Indonesian girl group

Super Girlies (スーパー・ガーリース) is an Indonesian girl group formed in 2011. The group is based in Bandung and is composed of Atu, Kinang, Laras, Mega, and Sarah. The former members, Opie, Rey, Uty, and Yui, left to pursue solo projects or retired. The group has been signed to the 18 Musik record label since their formation in 2011. Super Girlies are mainly a dance-pop and J-pop-influenced girl group, with their outfits heavily influenced by Harajuku fashion style. The group also released Dangdut singles, usually cover versions of well-known dangdut songs with teen pop arrangement. After releasing multiple singles since 2011, the group released their first album, Semangat, in 2015.

== Career ==
Super Girlies started their career on 14 February 2011, with their original line-up composed of Atu, Kinang, Laras, Mega, Opie, Sarah and Yui. Their first single, Malu Malu Mau, was released that year. The single was widely criticized on internet forums, especially by Hello! Project fans due to its heavy similarities with a single titled Rival released by Japanese idol girl group Berryz Kobo, a subgroup of Hello! Project. While the music video of the single itself used original concept and direction.

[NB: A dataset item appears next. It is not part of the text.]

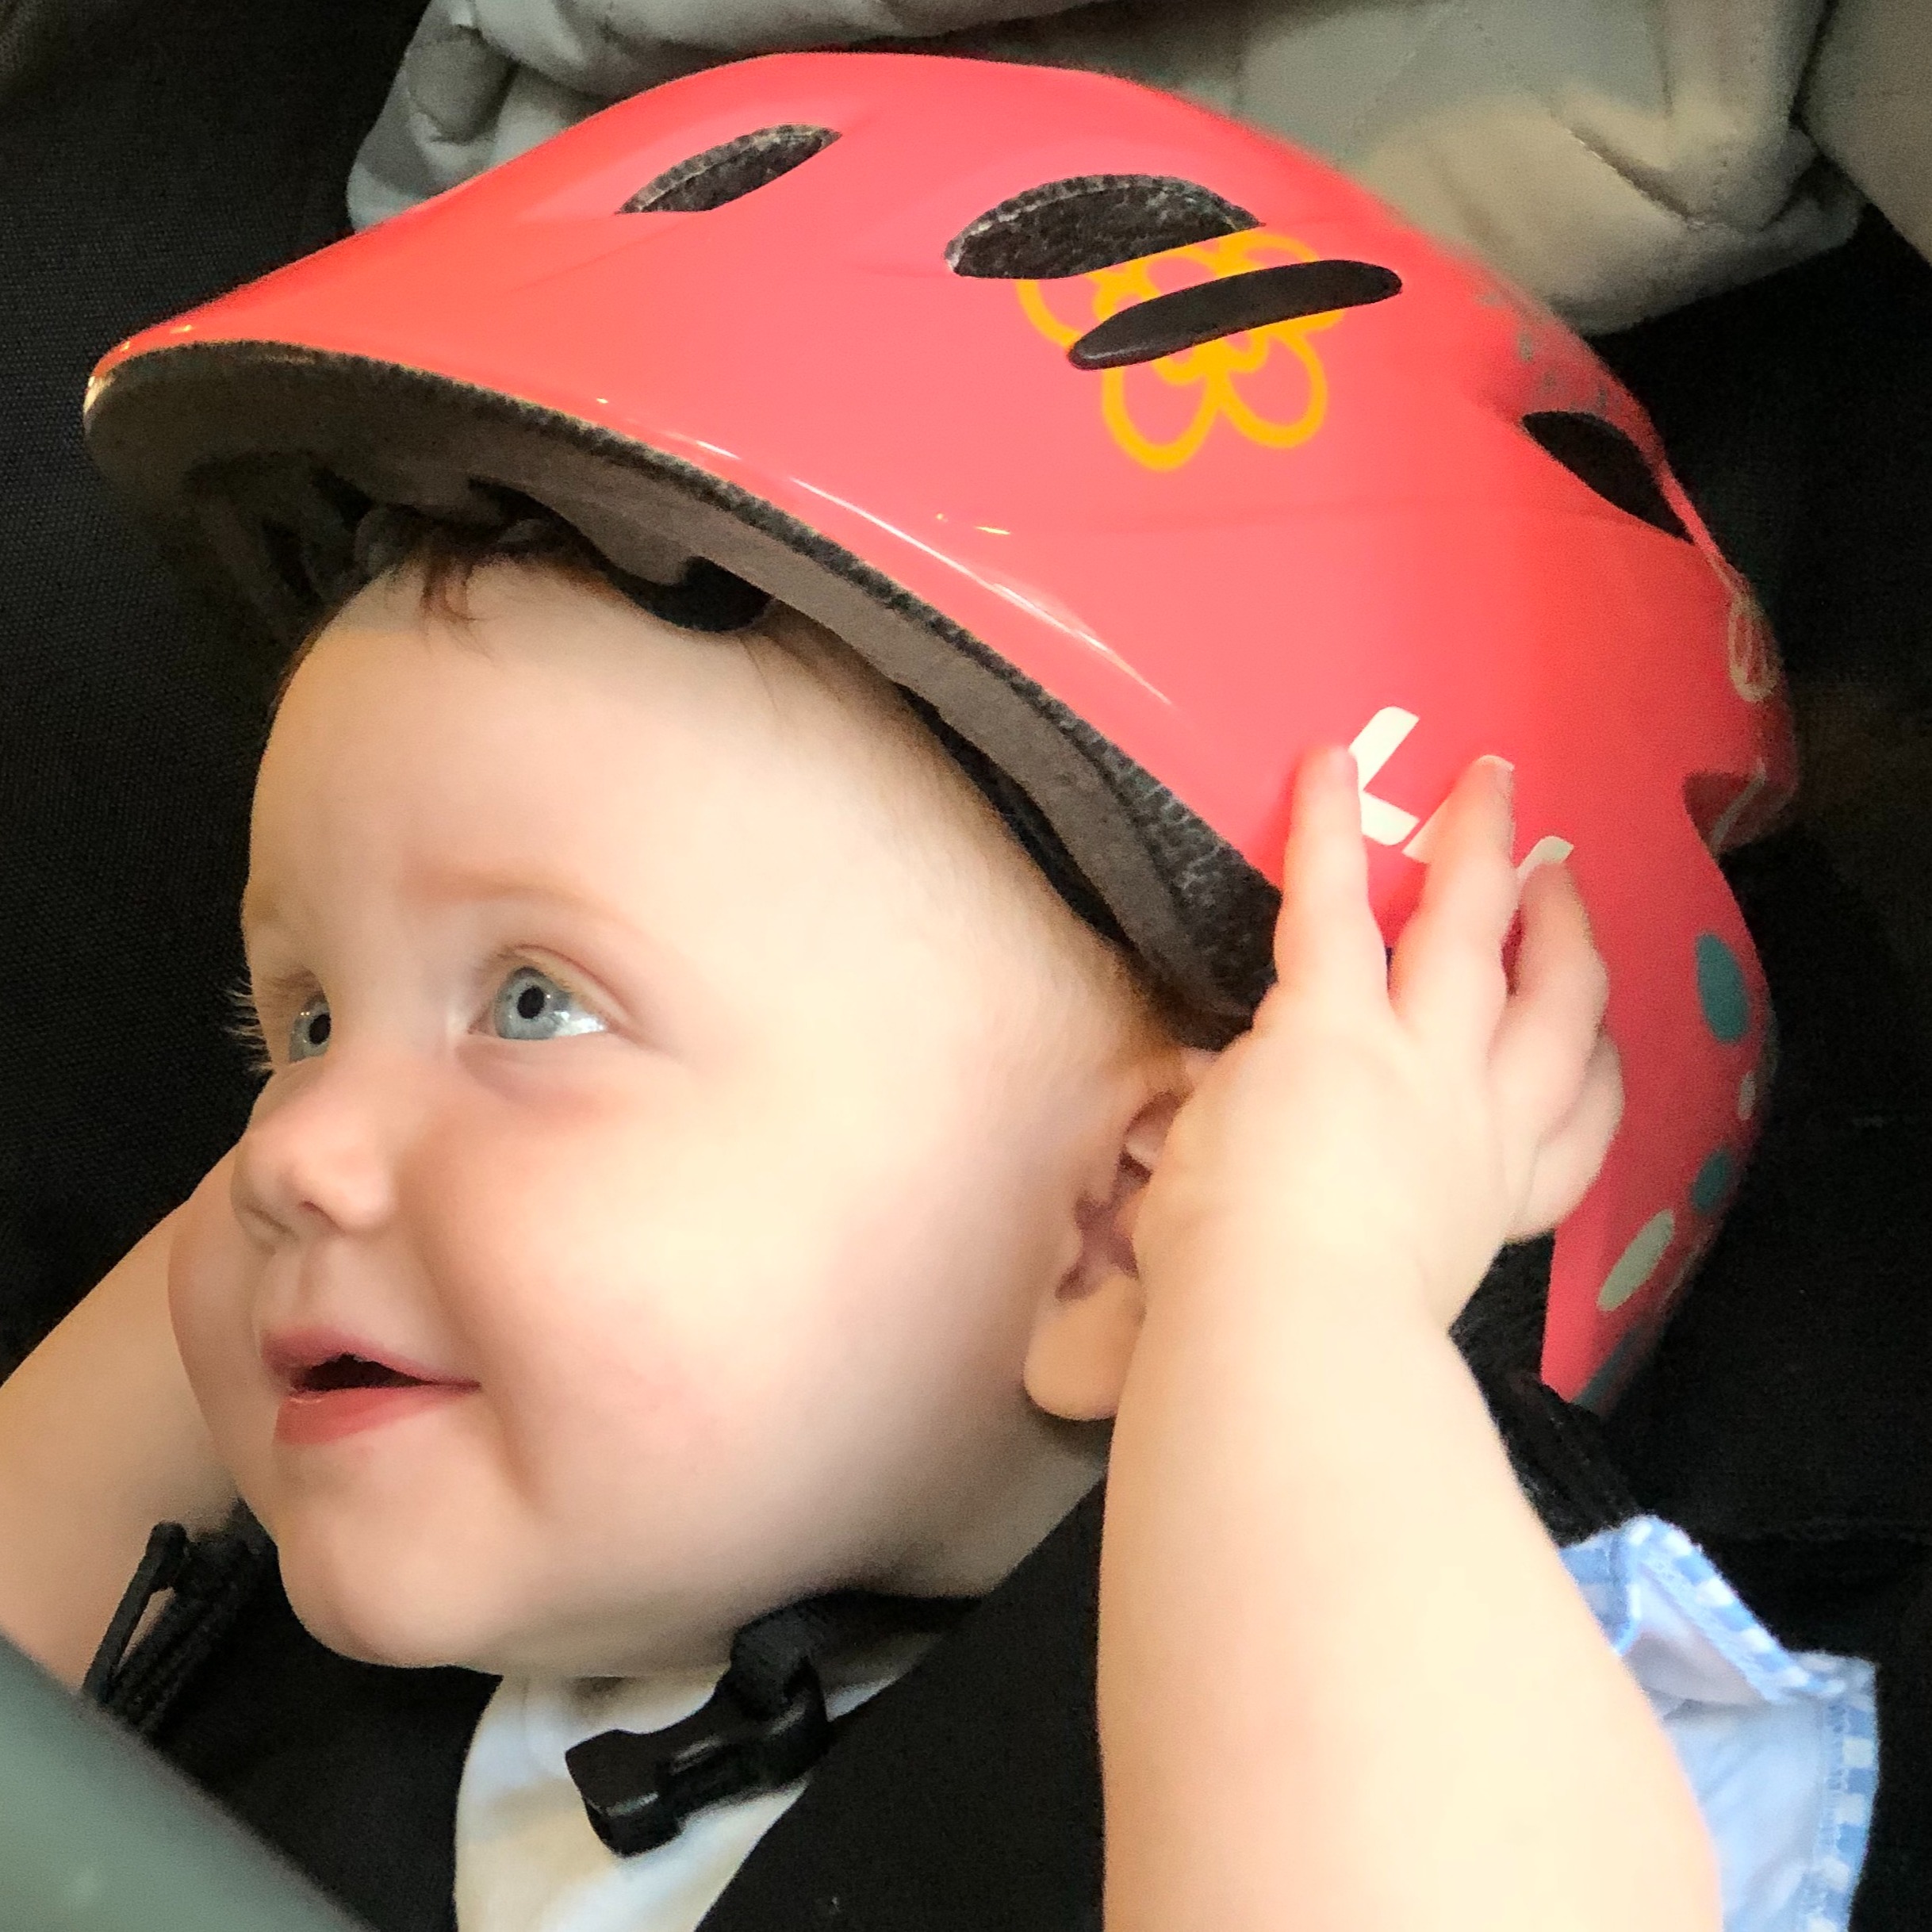 Kid's helmets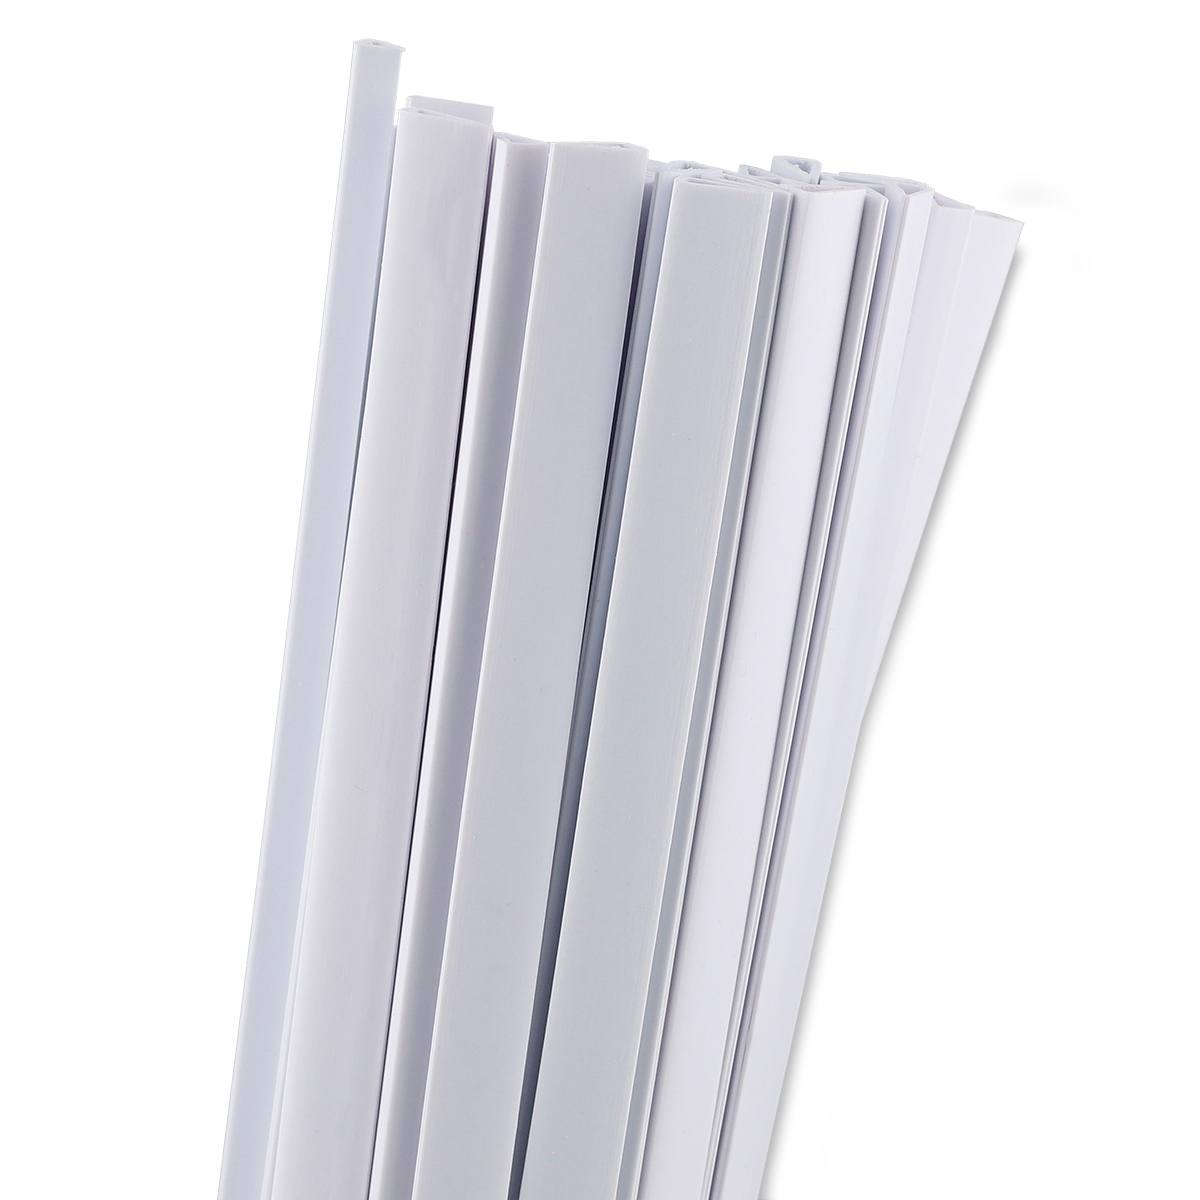 Folders Carta de Plástico con Costilla Office Depot Transparente 50 piezas  | Office Depot Mexico

Their second single, Aw Aw Aw, was released near the end of 2011. The single proved to be their most successful single to date and is considered as their signature song, with its music video has gained over 3.7 million views on YouTube. During the making of the music video, Atu was physically unfit and temporarily replaced by Rey for the video shoot. Rey shortly afterwards left the group. Due to its popularity, in 2012 the single was picked as the opening theme of Indonesian teen soap opera Yang Masih di Bawah Umur (English: The Underage) which aired on RCTI, where the group also made cameos in some episodes of it.

On 25 January 2012, the group unexpectedly received the Outstanding Girlband Award at the 2012 Dahsyatnya Awards, beating the likes of already well-known girl groups such as 7icons and Cherrybelle. However on April, the group saw a change of its original line-up, when Yui left the group due to an unspecified health reason, she was then subsequently replaced by Uty. In the middle of 2012, Super Girlies released their third single, Missing You, a remake version of the original soundtrack of Indonesian teen soap opera Cinta Cenat-Cenut 2. Later that year, the group released their fourth single, Hip Hip Hura. The single was originally released by famous Indonesian singer Chrisye in 1985, while the cover version by the group is remade with new J-pop arrangement and feel.